Columbus SL.  In some ways, I like the idea of trading 2 bikes for 1, as this will clear at least one bike out, and leave me with the 1973 International, the 1983 Colnago and this Merckx.  Not enough information has been put out about this particular bike to make an easy determination.


----------



## Dale Alan (Feb 23, 2017)

frankabr. said:


> Columbus SL.  In some ways, I like the idea of trading 2 bikes for 1, as this will clear at least one bike out, and leave me with the 1973 International, the 1983 Colnago and this Merckx.  Not enough information has been put out about this particular bike to make an easy determination.

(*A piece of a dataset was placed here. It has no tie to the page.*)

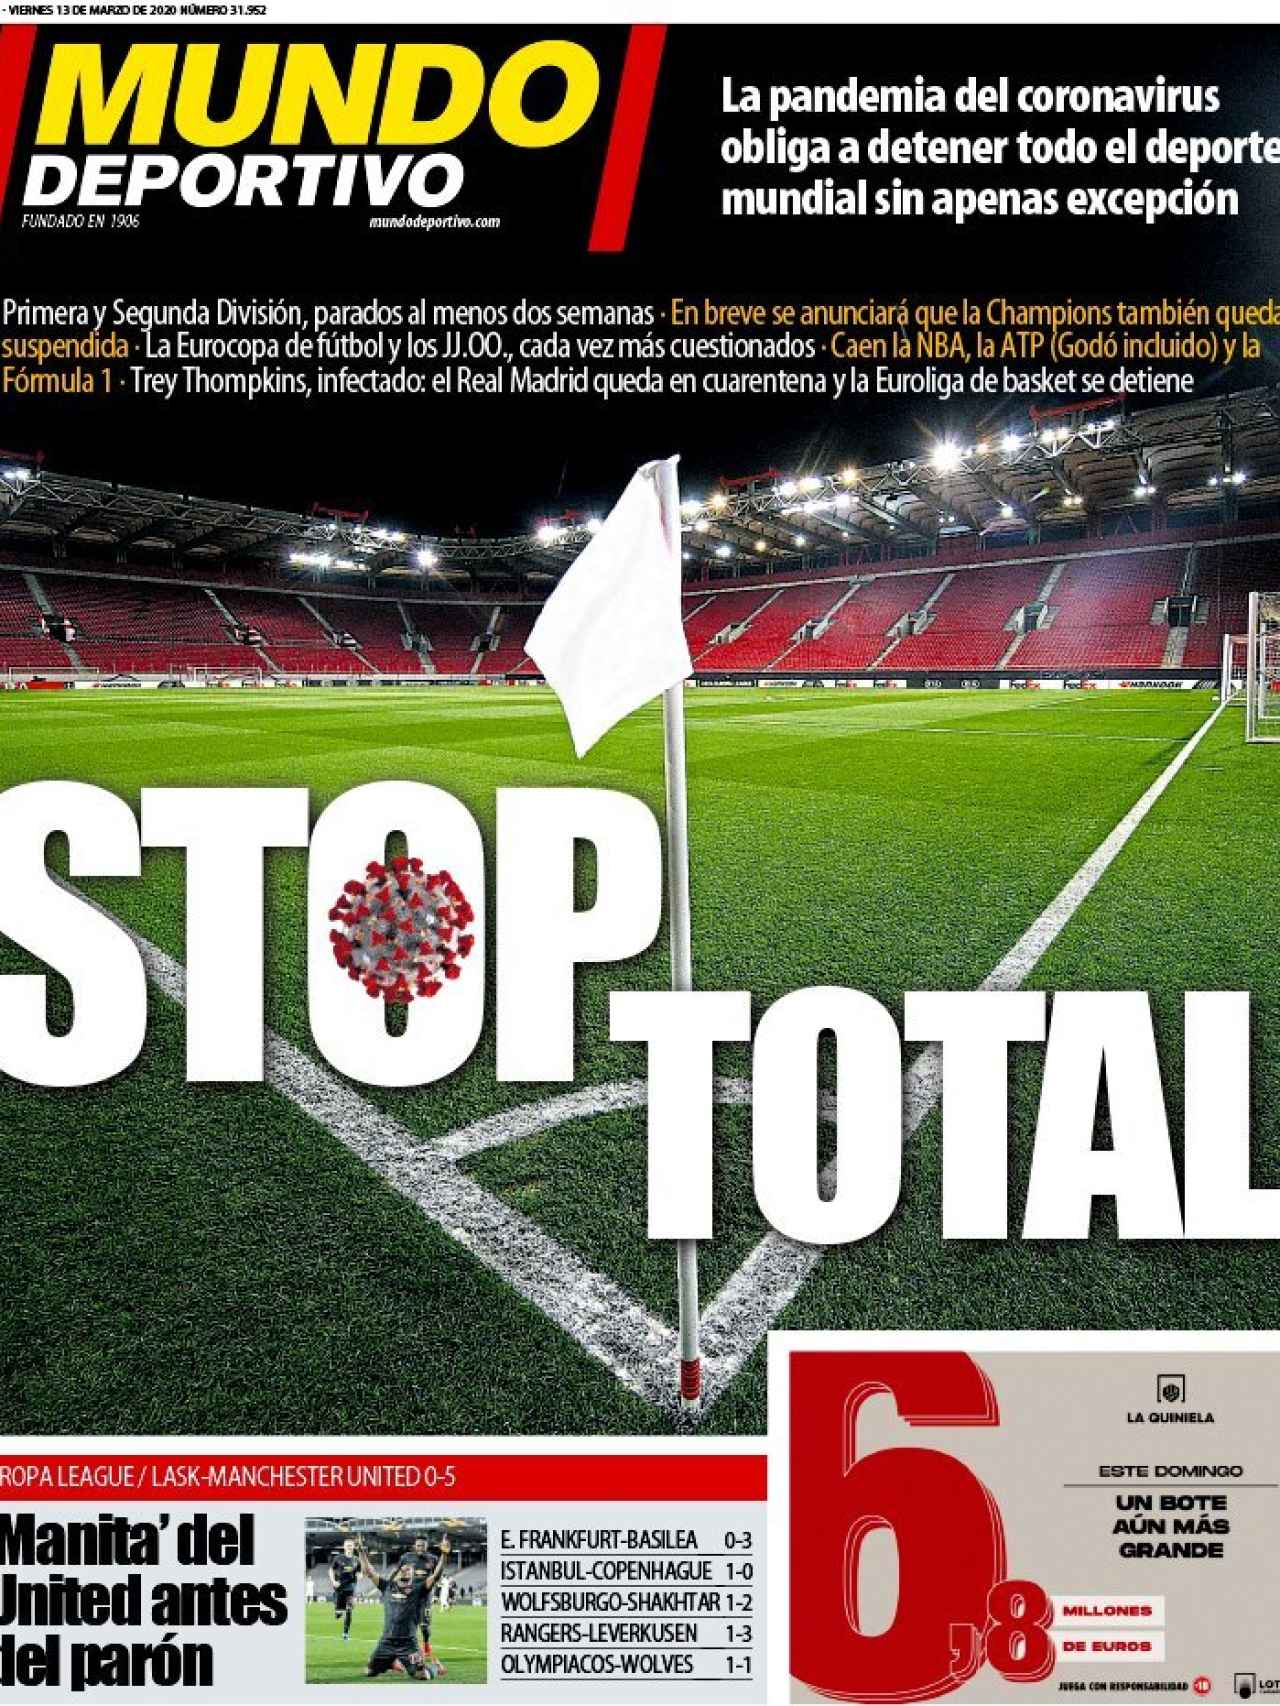 La portada del diario Mundo Deportivo (13/03/2020)

I thought it might be SL .Thinning the herd can be a good  at times .  Not knowing much about these would cause me concern too,you will be trading off a couple nice bikes.


----------



## frankabr. (Feb 23, 2017)

Agreed.  If it were an early 80's Merckx, it would be a slam dunk.


----------



## Dale Alan (Feb 23, 2017)

frankabr. said:


> Agreed.  If it were an early 80's Merckx, it would be a slam dunk.



+1
I am a fan of the 80s too.


----------



## Iverider (Feb 23, 2017)

frankabr. said:


> Here's the issue, I may have to trade the Trek 614 and the Raleigh Record (Worksop) toward it to make it affordable.

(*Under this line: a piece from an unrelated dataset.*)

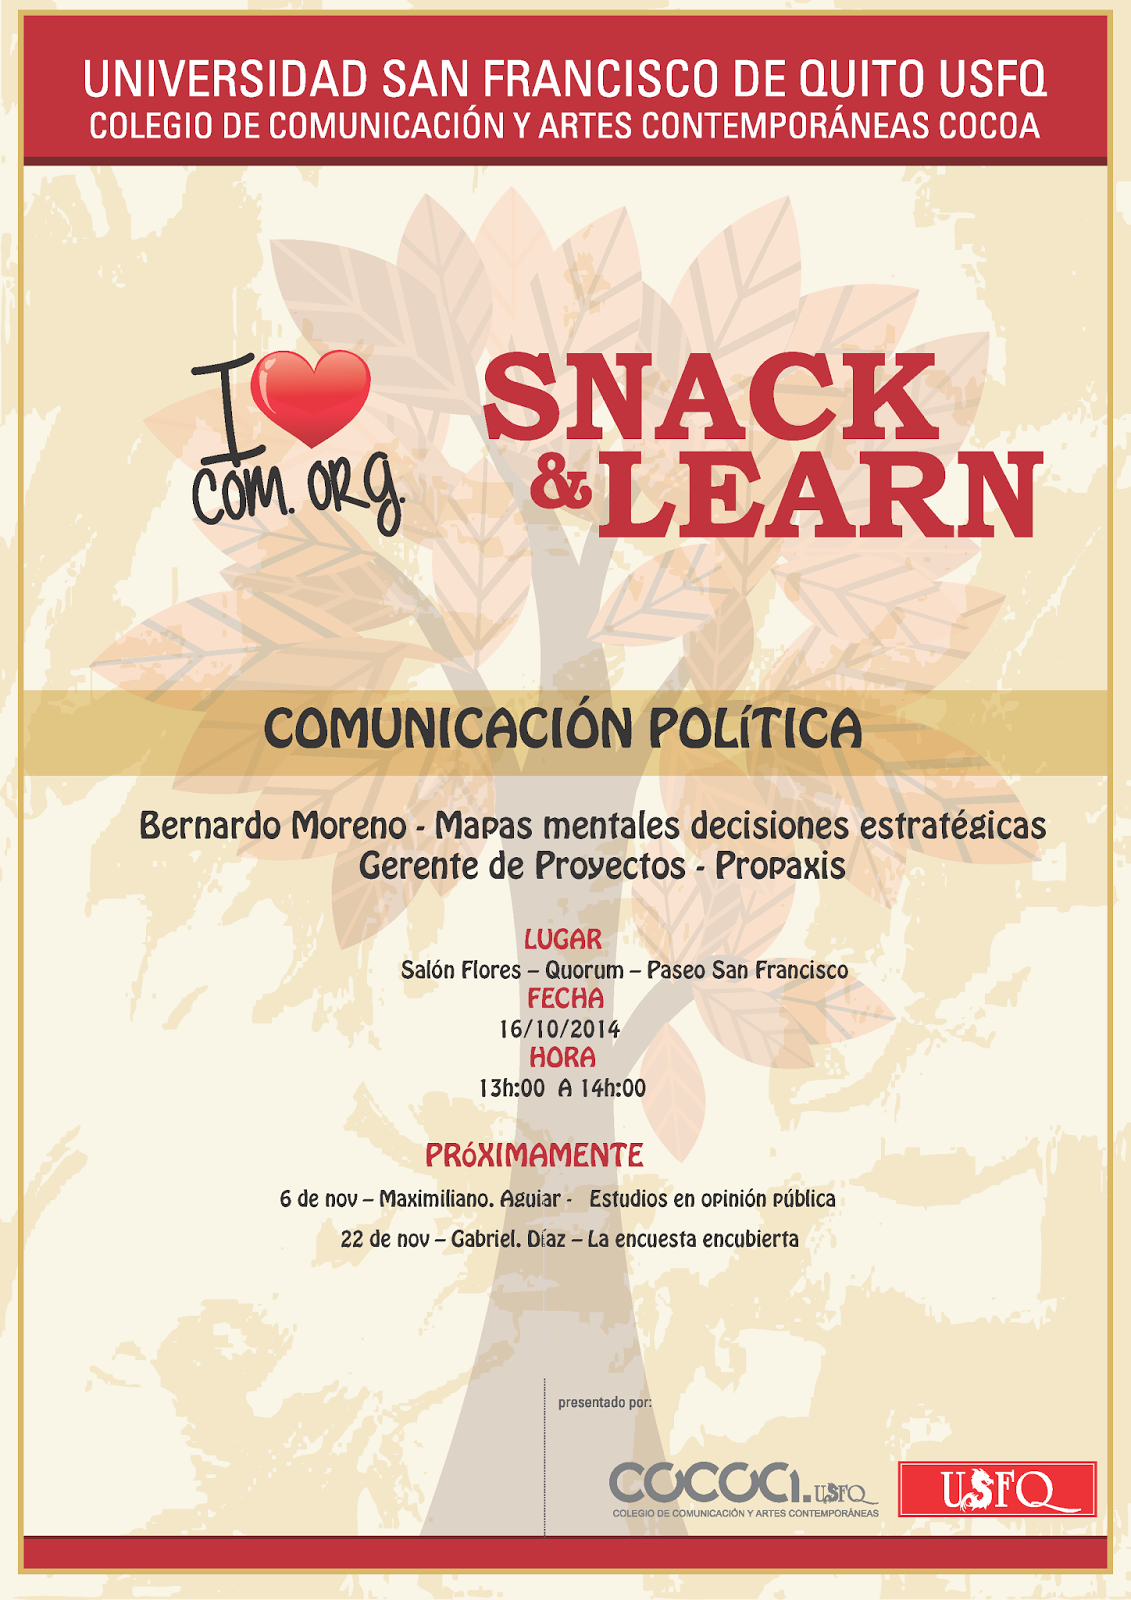 Tercera conferencia de Snack & Learn: "Mapas mentales decisiones estratégicas". 16 octubre, 13h00, Salón Flores-Quorum

614s aren't too hard to come by vs a Merckx but it's probably a more pleasant bike to ride given it's less racy geometry.


----------



## frankabr. (Feb 24, 2017)

Yes, the Trek 614 and the Raleigh Record Worksop are nice rides.  Both work as long distance touring/racing bicycles for the mountains and flats, and are set up as such.  I even have Suntour Command shifters on the Trek.  The Record Worksop is set up with an extender on the Cyclone rear derailleur and and 32 tooth freewheel.  The Merckx would be similar to my Colnago Suprerissimo, an old time top line race bike, both with sew ups and limited gearing.  I would still have the International, but that one also has limited gearing for the hills. Secondly, it has center pull brakes, not great for the flats but even worse for going down mountains.  All of these items are considerations. 

ps. I also have a 2012 Fuji Altimira that I ride more than any of the others.  
My mountain bike is an old 2001 Specialized Enduro Expert.  Too many bikes, too little time!


----------